A critic of the Saudi regime, Khashoggi (who worked for The Washington Post, among other news outlets) was murdered at the Saudi consulate in Istanbul in 2018. His body was then dismembered using a meat cutting machine.

Neither Turkish prosecutors nor the authors of an intelligence report for the US Government are in any doubt that Khashoggi’s killing was the work of the Saudi regime in Riyadh. During the 2019 campaign for the Democratic Party presidential nomination – in which Biden was up against resurgent socialist candidate Bernie Sanders – Biden sought to ­establish his progressive credentials by promising to ostracise Saudi Arabia.

Biden would, he told the American people, “make [the Saudi regime] pay the price” for Khashoggi’s murder, “and make them, in fact, the pariah that they are”. However, there’s many a slip ­betwixt a presidential hustings and the petrol pump.

The National: Stephen Colbert to host Emmy Awards

US television host Stephen Colbert (above) got to the heart of the matter when he said that “the crown prince is, infamously – and I’m putting it delicately here – a ­murderer. But, on the other hand, gas is five bucks a gallon”. With the cost of living crisis threatening to contribute to a poor ­showing for the Democrats in the midterm elections in November, Biden is trying to persuade the Saudis to increase oil production.

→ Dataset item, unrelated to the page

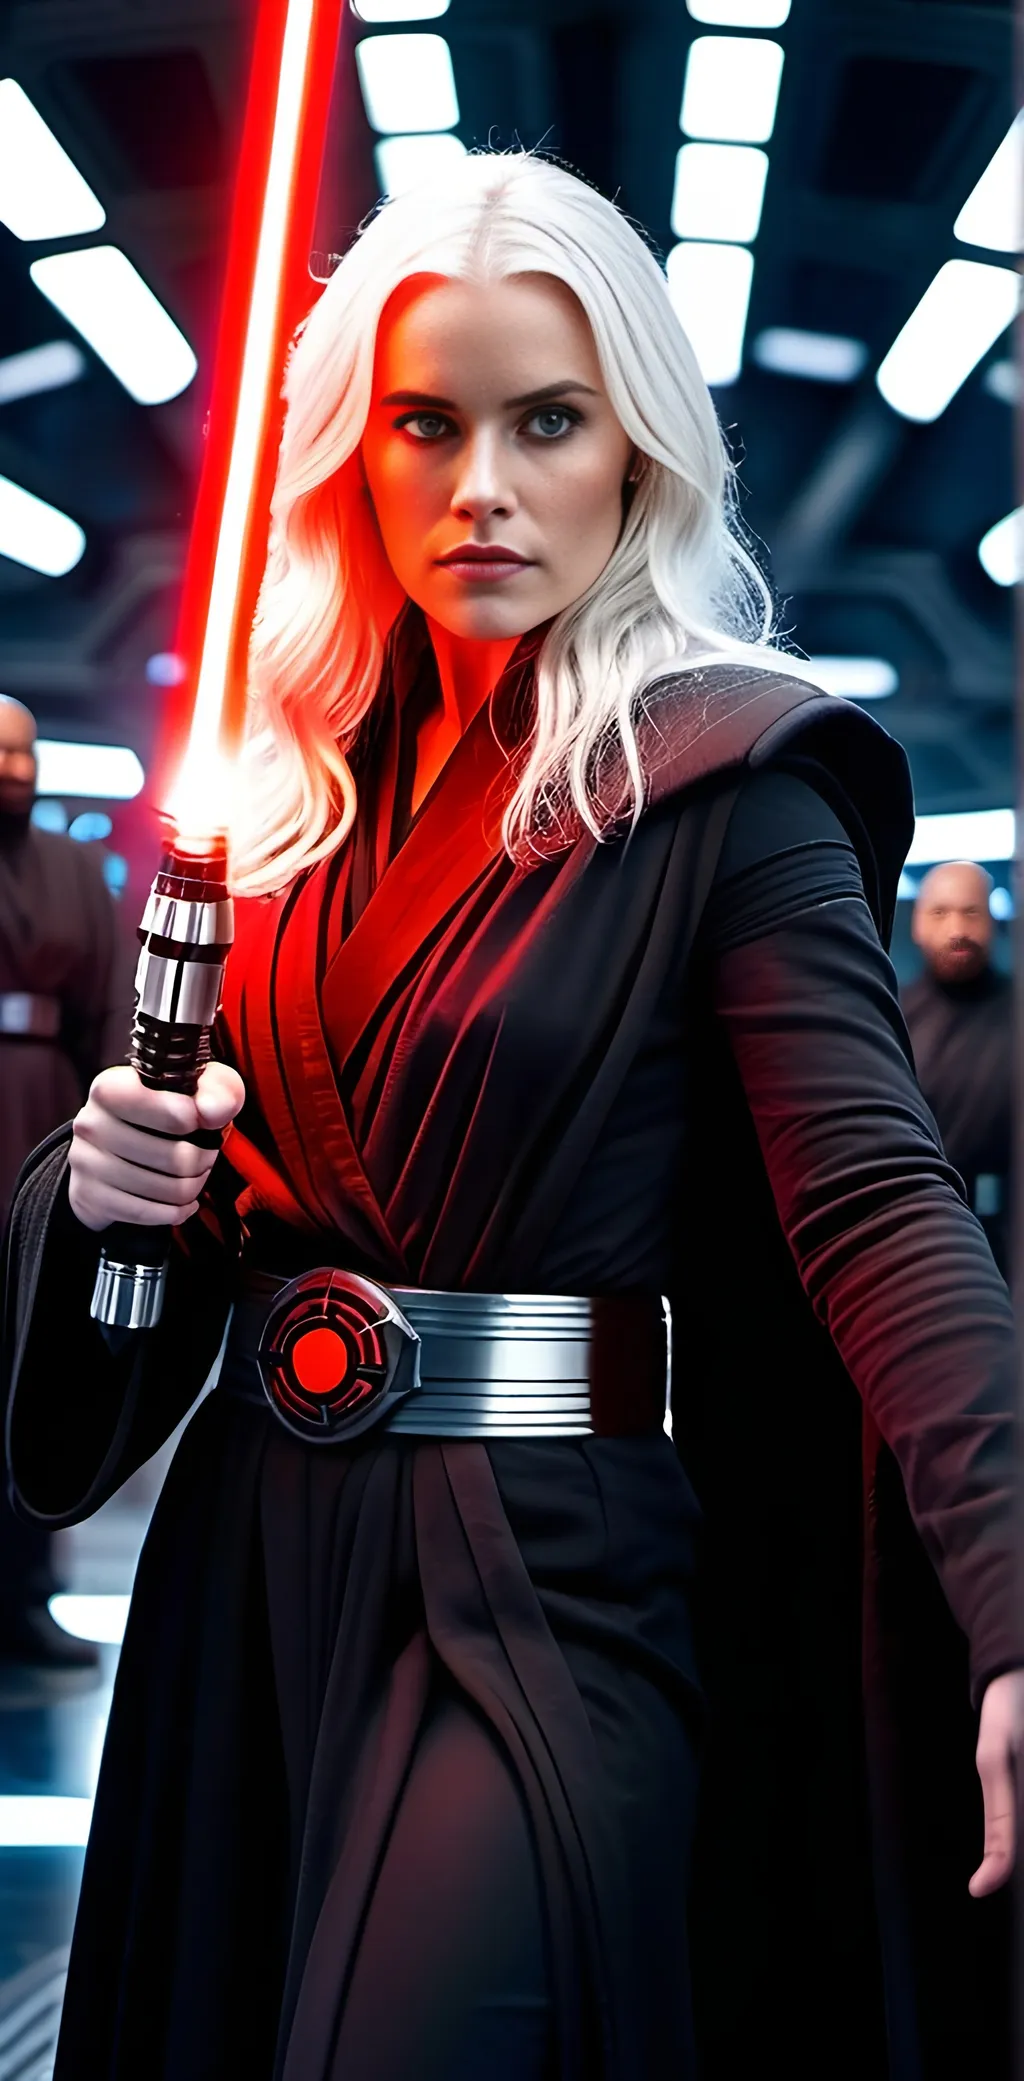 Prompt: Photo of an actress as a dark Jedi Knight (age 25) with long flowing white hair, red contact lenses, intricately beautiful face, dressed in black robes and slacks, black boots, and a utility belt with metallic tools, holding a glowing red lightsaber, standing ready for battle, elaborate space ship film set, realistic, high-res photo, natural skin tone, professional, cinematic

In truth, it was Biden’s spasm of conscience back in 2019, rather than his meeting with MBS, that was the aberration. US administrations of both parties have long cultivated the alliance between Washington and Riyadh.

The appalling human rights record of the Saudi regime – a brutal, misogynistic theocracy founded on the fundamentalist interpretation of Sunni Islam known as Wahhabism – has carried far less weight with the US than has its role as a major oil producer. Equally, human rights have come a poor second to Saudi Arabia’s geopolitical role as an opponent of the Shia Muslim regime in Iran.

From the continued oppression of the Palestinians by Israel to the heartbreaking, eight-year war in Yemen (where the Saudis are in conflict with Iranian-backed Houthi forces), Biden’s visit to the Middle East signalled no change whatsoever. Like the Obama administration in which he served as vice-president, the Biden presidency has shattered the hopes of ­millions that it might, finally, bring about an ethical foreign policy in Washington DC.